This thread has been locked.

If you have a related question, please click the "Ask a related question" button in the top right corner. The newly created question will be automatically linked to this question.

TMS320C6745: dsplib: further optimization

Part Number: TMS320C6745

Hi, i am using TMS320C6745.

I am seeing that most of functions of the official C674x dsplib are quite "general purpose", in the sense that they are compiled under few operating hypothesis. In particular, the batch size N is often supposed to be only multiple of two / four, so i expect that into such function there is something like a FOR loop executing the condition many times as N increases, once every 2 or four samples.

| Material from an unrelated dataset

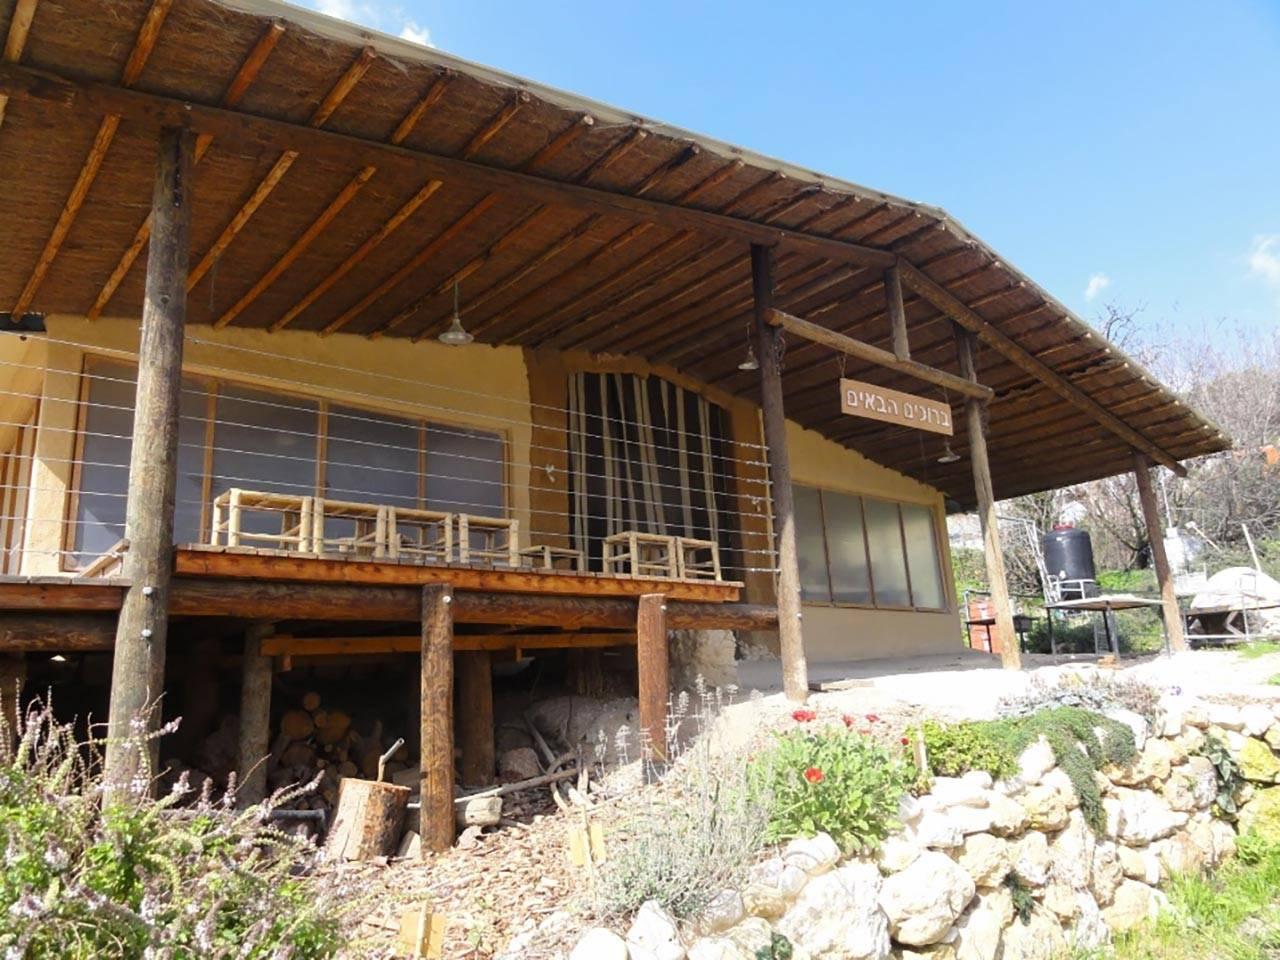 ורטיגו, כפר האמנות האקולוגי. צילום: מל

In my application i always need to handle data at larger batches (16). The question is: if i rewrite some of the dsplib functions (especially blk_move, w_vec, dotprod, vecmul) specifically for N = 16, will my function execute "always the same way" avoiding all the "FOR conditions"? Can i expect to have a significant increase of performances by rewriting dsplib specifically for N = 16?

  • DSPLIB functions are provided in full source and under BSD licensing to allow users to use it as is or with modifications so you can certainly attempt to optimize the code. The reason why the batch size N is often multiple of two or four is that the function use dual or quad data load operations supported in C674x ISA. 

    If you want to extend this to do batch processing of 16, you can certainly do it but we are not sure how much more benefit you may be able to get out of re-writing the function. If you are writing the code to unroll the loop, you may want to see how well the compiler is doing this in the assembly out put before planning to spend more time on further optimizations.



  • Thank you, i will check the assembler output before proceeding!